Target identification and validation is an essential part of drug discovery process. Large scale in vivo phenotypic screening has been pursued to accelerate therapeutic target identification and validation [Citation1]. Such an approach requires the development of highly efficient in vivo gene delivery method. Hydrodynamic tail vein injection (HTV) as an in vivo gene delivery method for direct phenotypic screening in animal models for the purpose of target identification and validation has been described previously [Citation1]. While HTV has the advantages of low cost and high throughput, it also has a number of limitations. For example, HTV usually results in a relatively short duration of expression; for about one-third of the constructs tested, target of interest (TOI) expression dropped significantly 2 weeks after injection. Other limitations include low expression levels for some targets, liver targeting only with unknown percentage of hepatocytes receiving plasmid DNA, and acute injury to the liver [Citation1]. These limitations may result in a significant number of false negatives. They also make it difficult to study membrane proteins, especially when it is desired to target tissues other than liver.

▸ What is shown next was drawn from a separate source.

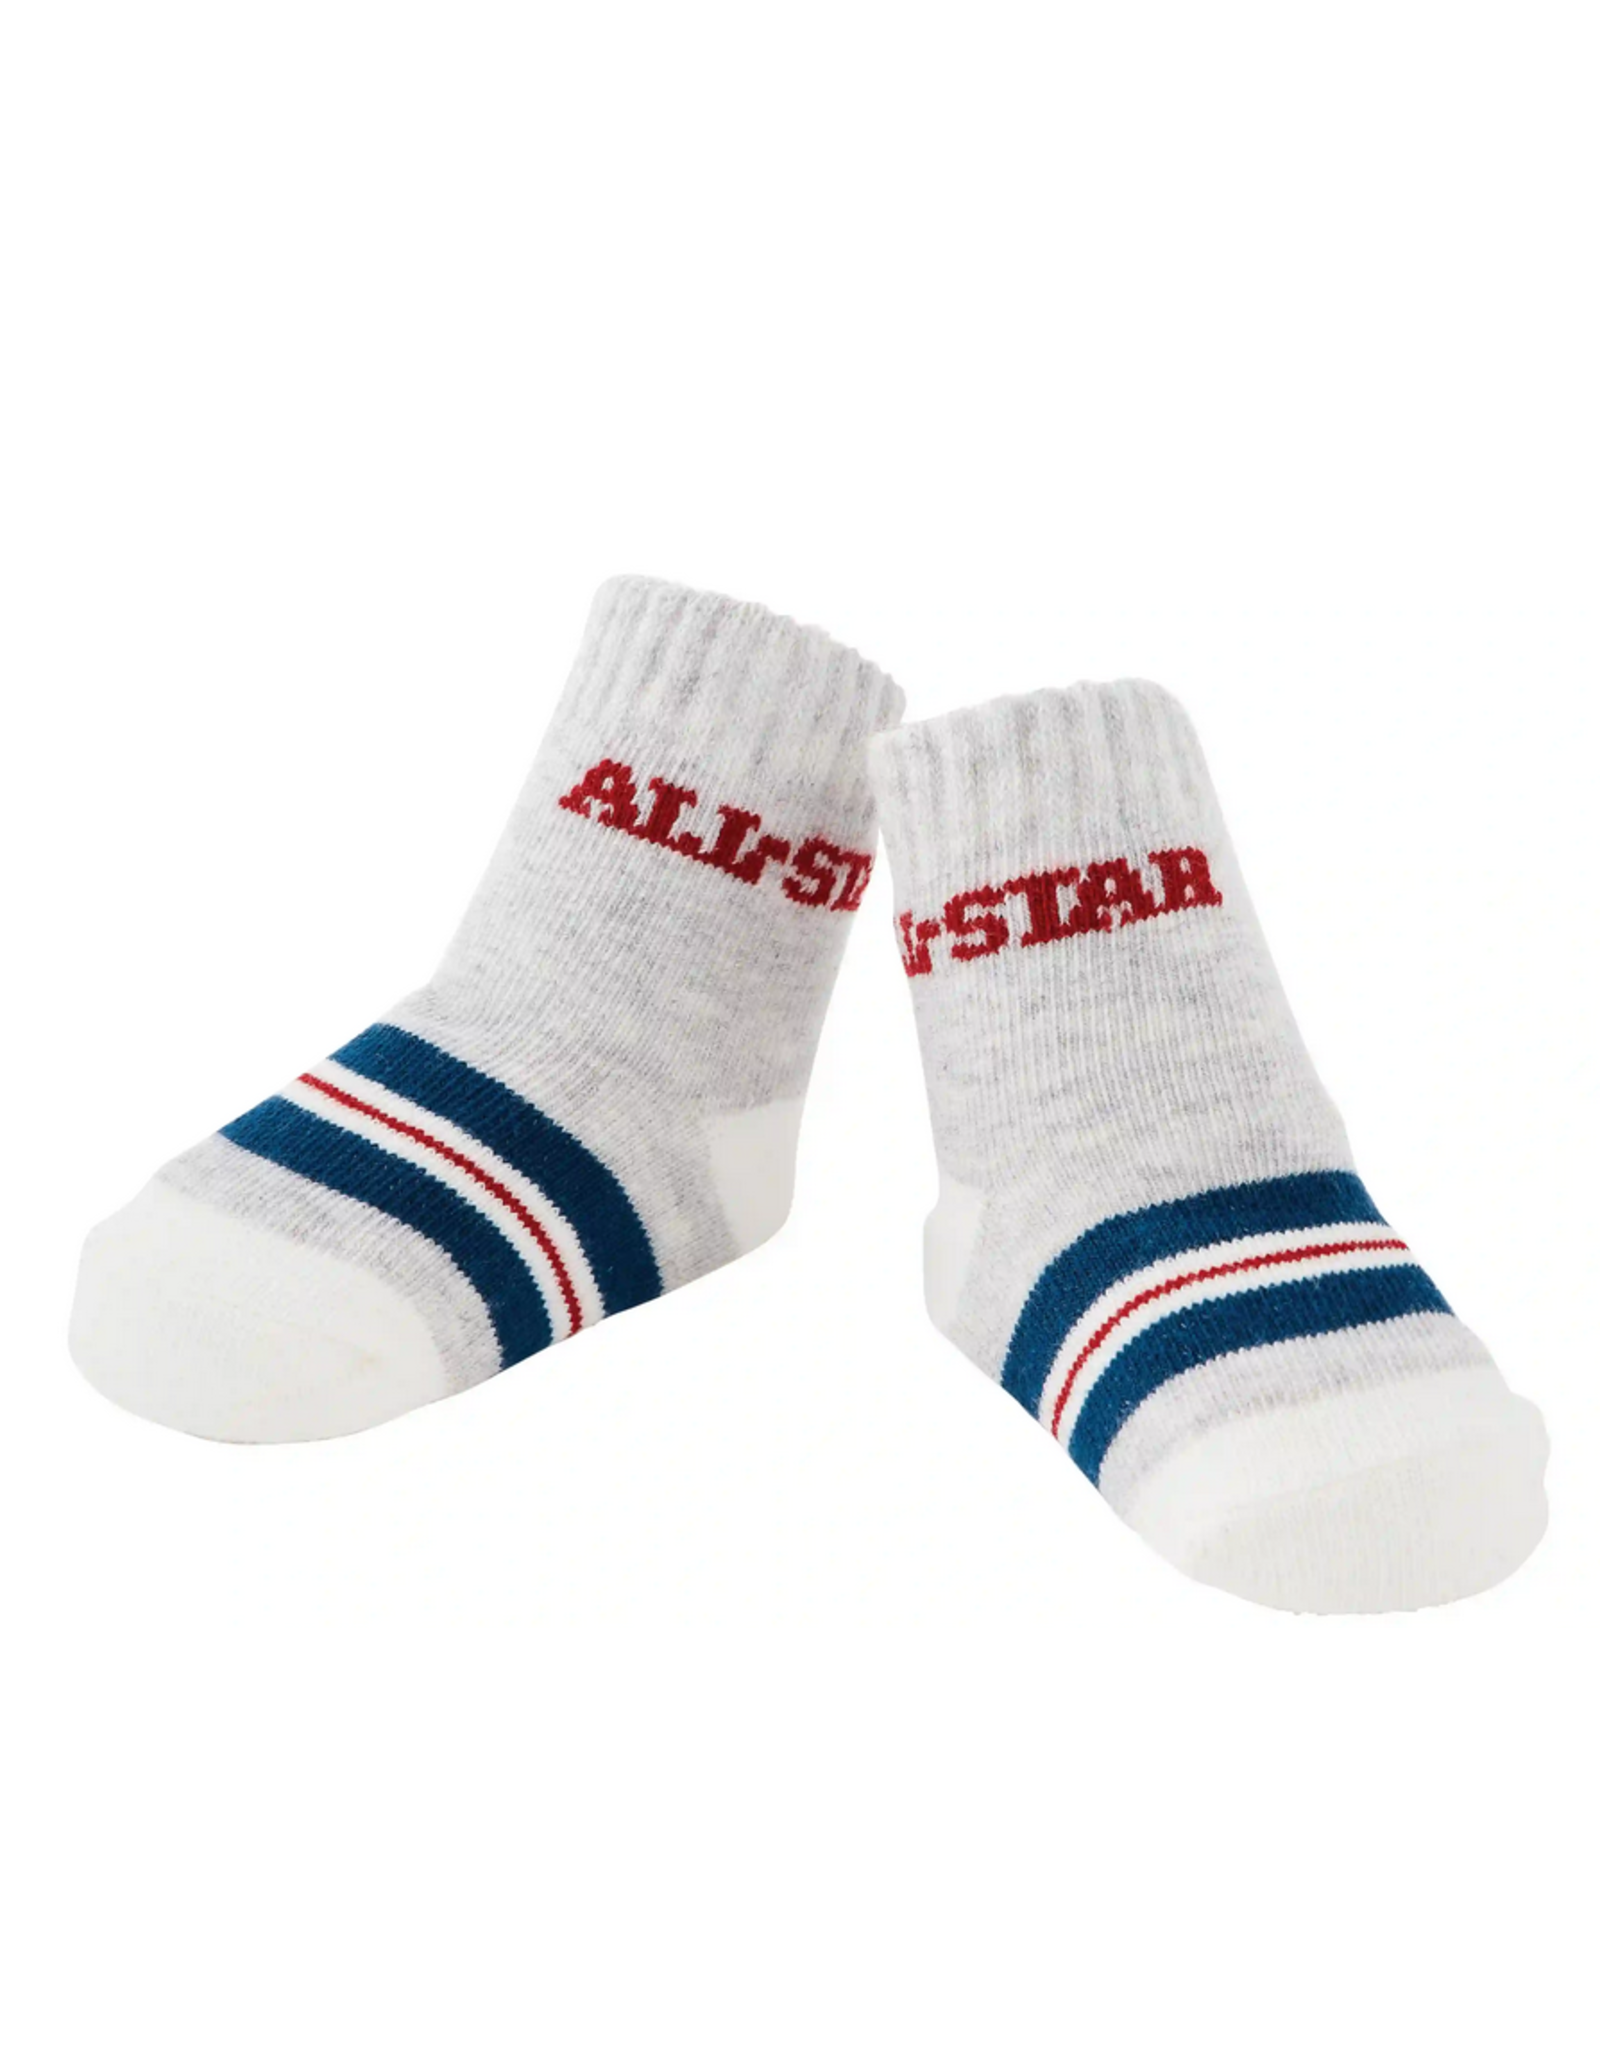 Mudpie All Star Stripe Socks

In contrast, adeno-associated virus (AAV) vector-mediated gene delivery may overcome some of these limitations associated with HTV. AAV is a small single-stranded DNA virus. Vectors based on AAV have been used as gene delivery vehicle in both preclinical and clinical studies [Citation2]. Multiple AAV serotypes have been isolated from human and nonhuman primates. To date, 13 distinct AAV serotypes have been developed that show different tissue tropisms in animal models. More selective tissue delivery could be further achieved by a combination of AAV serotypes, promoter selected to drive TOI expression, miRNA-mediated regulation of TOI expression [Citation3], and route of administration. In order to utilize AAV as a large-scale in vivo phenotypic screening gene delivery method, high-throughput production of AAV is highly desirable. However, most AAV production is carried out by transient transfection into adherent human embryonic kidney (HEK) 293T cells and its scalability is limited. Recently, AAV production in scalable suspension-adapted HEK293T cells has been described [Citation4]. Purification of AAV is also a bottleneck for scalable manufacturing. This is especially true for the AAV vectors discovered in recent years, whose ligands are either unknown or not available for affinity purification. Combinations of ion-exchange and molecular sieve columns have been employed to overcome these limitations, but they require multiple chromatography steps with buffer exchanges in between [Citation5]. Therefore, we also developed scalable automated affinity column chromatography purification methods for several AAV serotypes [Citation6]. The combination of AAV production in suspension-adapted HEK293T followed by automated affinity chromatography purification enabled the utility of AAV as a gene delivery method for in vivo phenotypic screening and target validation at a large scale.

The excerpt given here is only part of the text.